Troubleshooting Scenarios and the Limitations of Chatbots
- A scenario is presented where an e-commerce shop's checkout page is stuck, resulting in lost revenue, and the goal is to troubleshoot the issue (12m45s).
- The problem cannot be solved by simply asking a chatbot like ChatGBT, as it lacks access to the specific data and context of the issue (14m0s).
- ChatGBT can, however, provide general steps for troubleshooting, such as checking pod events, inspecting logs, and inspecting pod ammo (14m26s).
How HolmesGPT Works: AI-Guided Troubleshooting
- The core concept of HolmesGPT is to use an AI engine to ask for troubleshooting instructions given a specific problem, and then receive feedback and guidance on the next steps to take (14m50s).
- HolmesGPT uses a large language model to guide the troubleshooting and data gathering process, allowing it to provide more specific and relevant guidance (15m24s).
- The AI engine can be used to determine the right data to gather, gather that data, and feed it back into the system in a loop, allowing for more efficient and effective troubleshooting (15m57s).
- HolmesGPT is demonstrated in action, using the SAS platform to ask a question and receive guidance on troubleshooting an issue with an analytics exporter (16m11s).
- HolmesGPT is an AI assistant that can gather data with six tools, run commands, look at data, and provide an answer to a question, unlike traditional chat GPT which only provides a response based on the input (16m44s).
- The tool can identify the root cause of a problem, such as a crash due to running out of memory, and provide a solution to fix it (17m11s).
- The AI assistant can run commands and feed the data back in for analysis, providing a more comprehensive answer to the user's question (17m28s).
- The tool knows which observability data to collect based on its configuration, but the exact mechanism is not specified (17m38s).
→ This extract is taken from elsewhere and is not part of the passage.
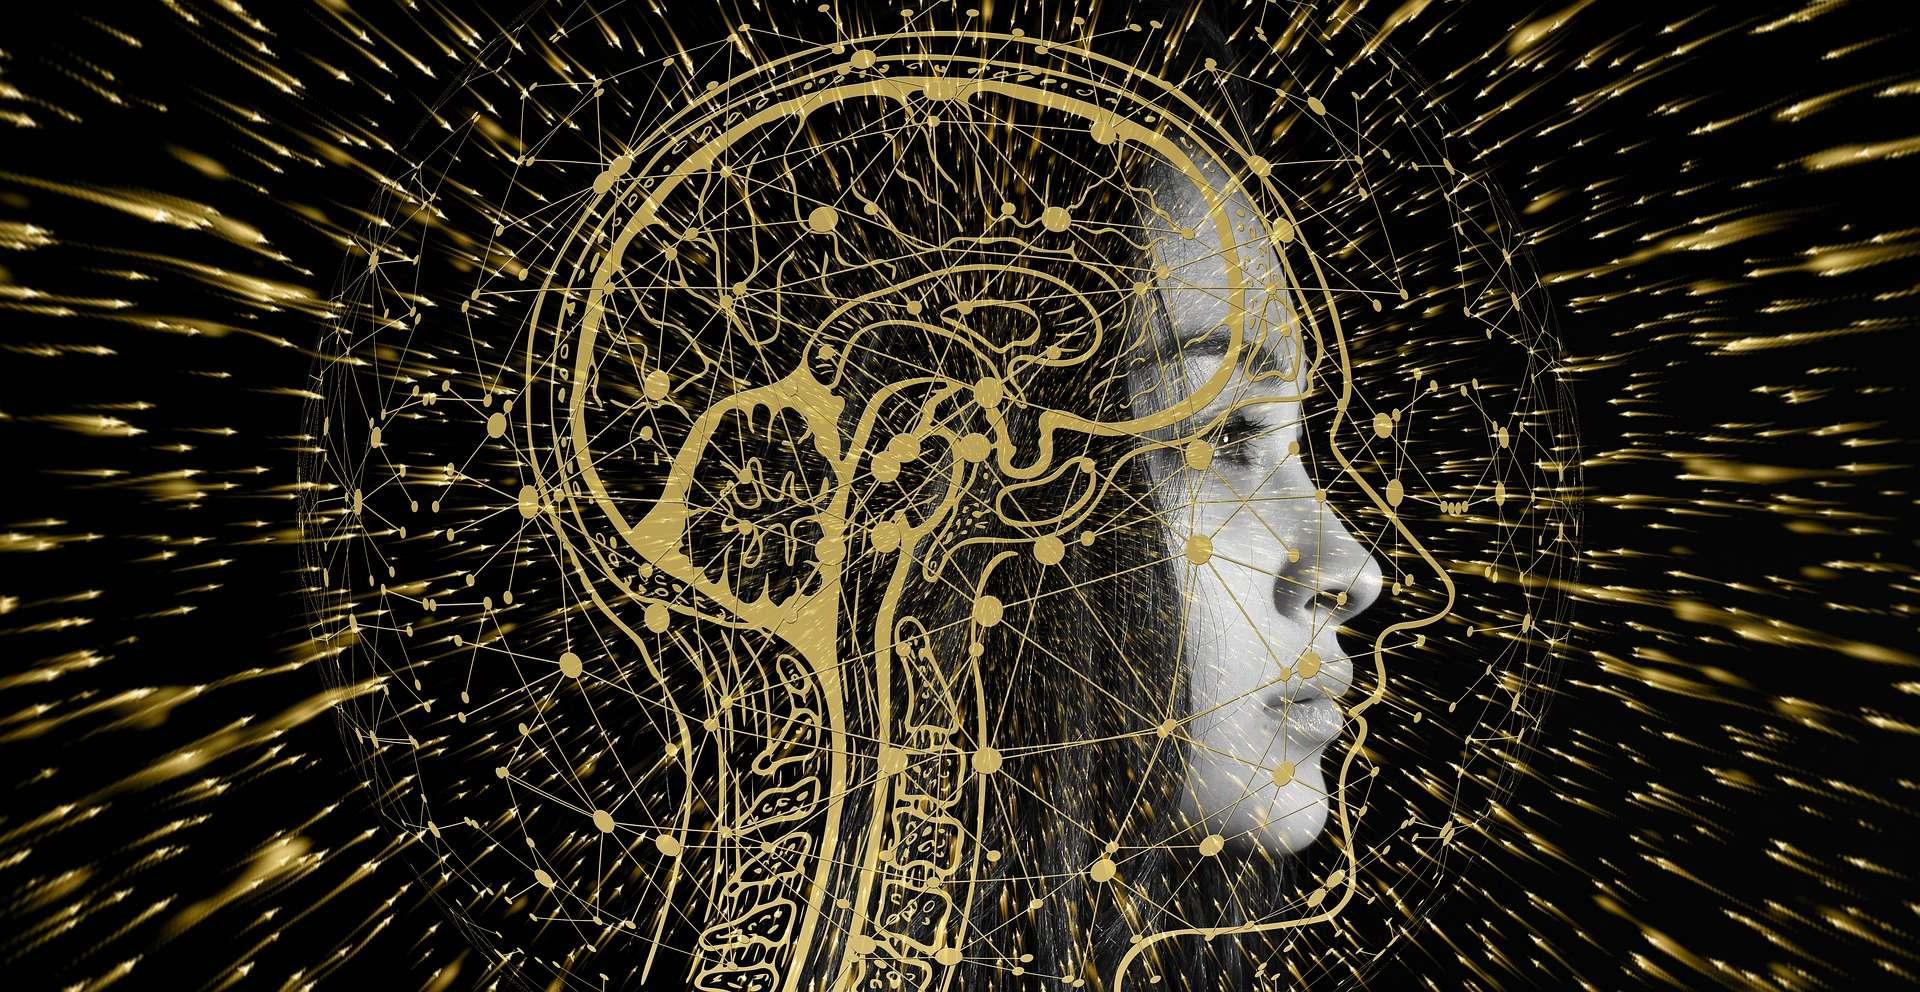 हमारे दिमाग में ताजा रखती हैं तंत्रिकाओं की पूरी टीम यादों को

Building HolmesGPT: Tradeoffs and Benefits
- When building a system like HolmesGPT, there are tradeoffs to consider, such as giving access to all data or limiting it, and ensuring the system is both functional and secure (17m54s).
- The benefits of using a tool like HolmesGPT include reducing downtime, which can have a significant impact on a business's bottom line, and improving the developer experience, which can increase productivity and efficiency (18m26s).
- Companies employ hundreds or thousands of developers, and saving each developer an hour or two per day can have a huge impact on the business (18m35s).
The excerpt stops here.